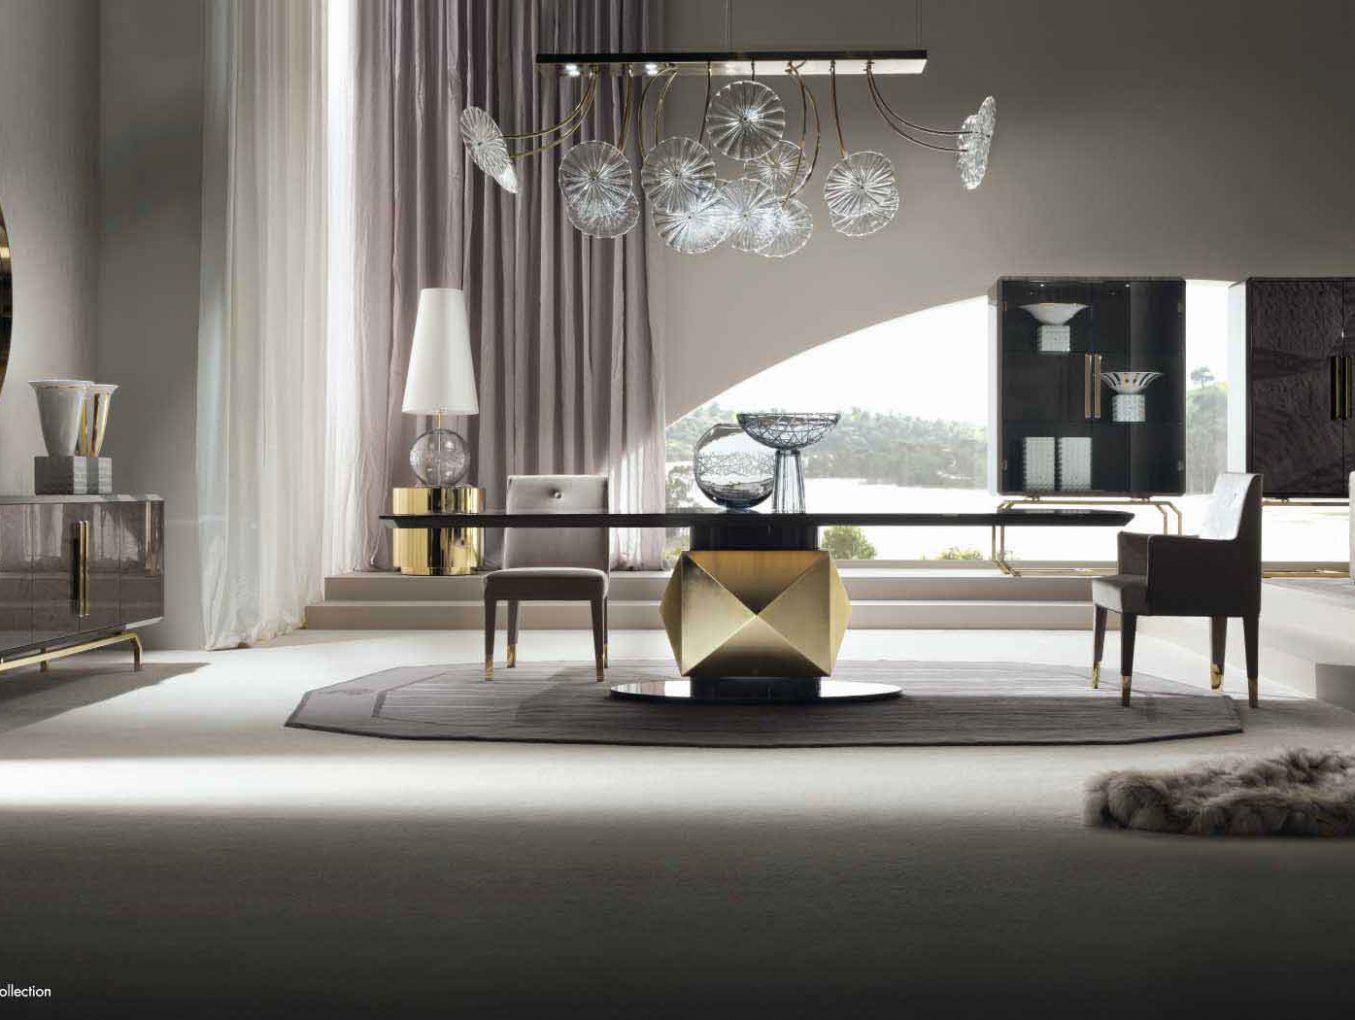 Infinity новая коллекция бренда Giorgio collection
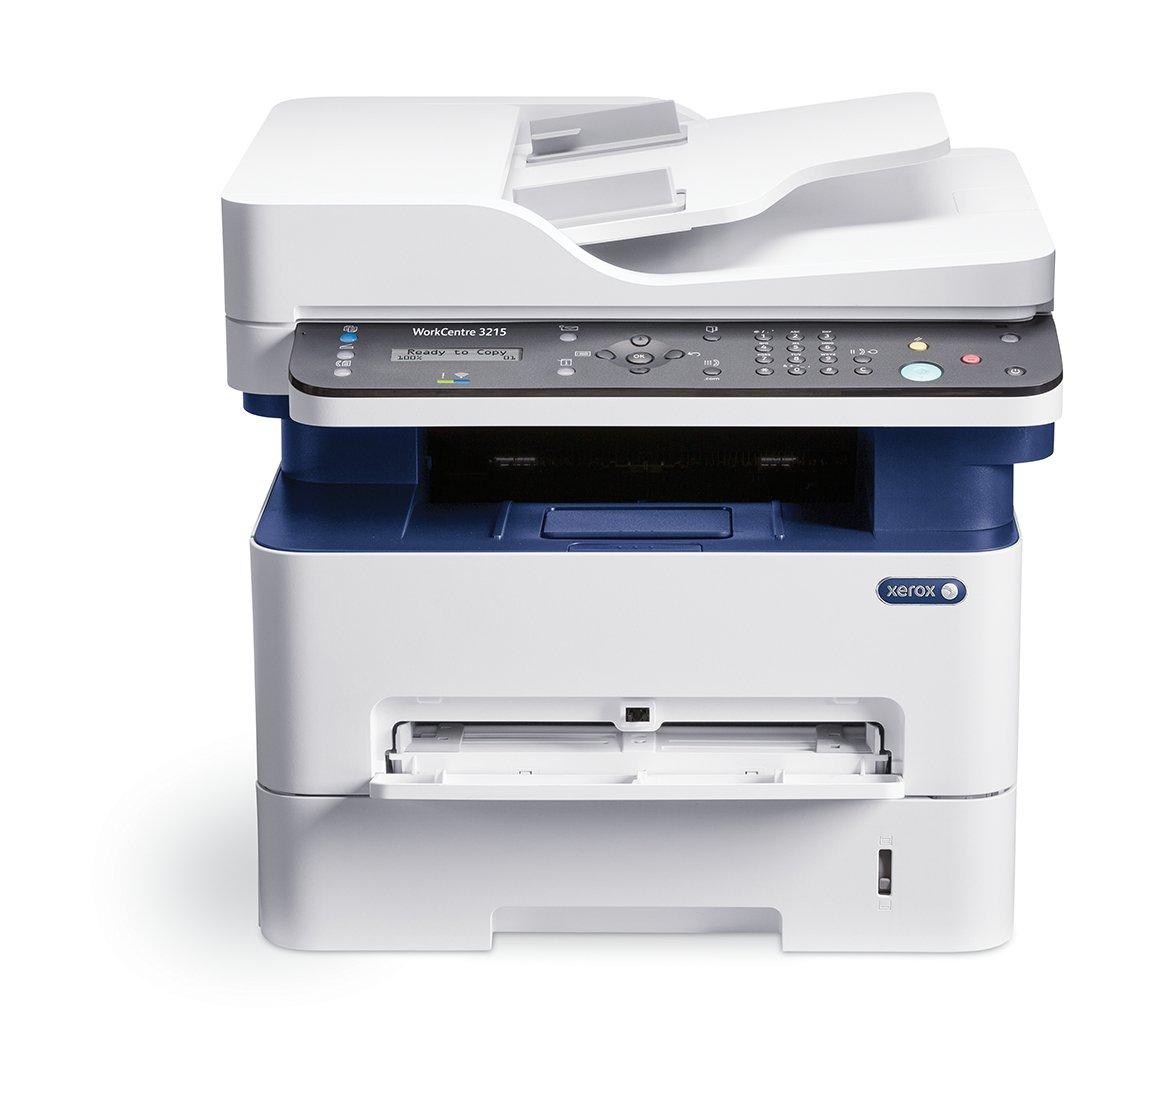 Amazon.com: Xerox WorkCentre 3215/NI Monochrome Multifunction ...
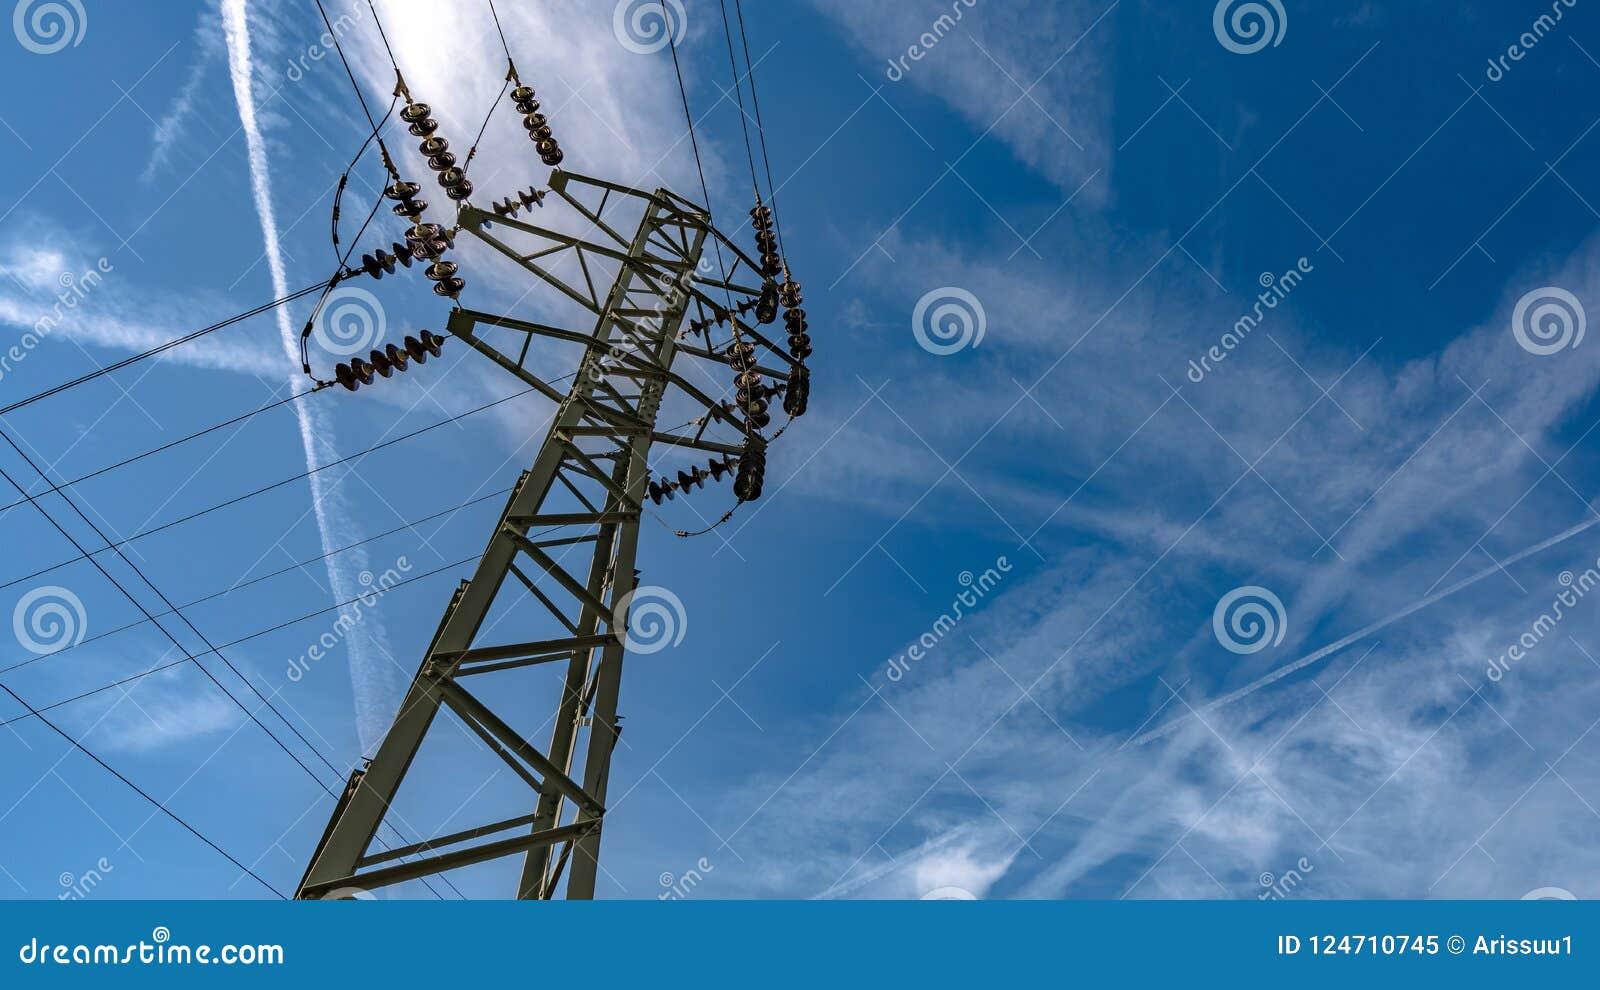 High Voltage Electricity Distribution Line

-----

To do:
Copy the material shown above in full and exactly. Skip the pictures.

Solution to this problem:
 Infinity новая коллекция бренда Giorgio collection
 Amazon.com: Xerox WorkCentre 3215/NI Monochrome Multifunction ...
 High Voltage Electricity Distribution Line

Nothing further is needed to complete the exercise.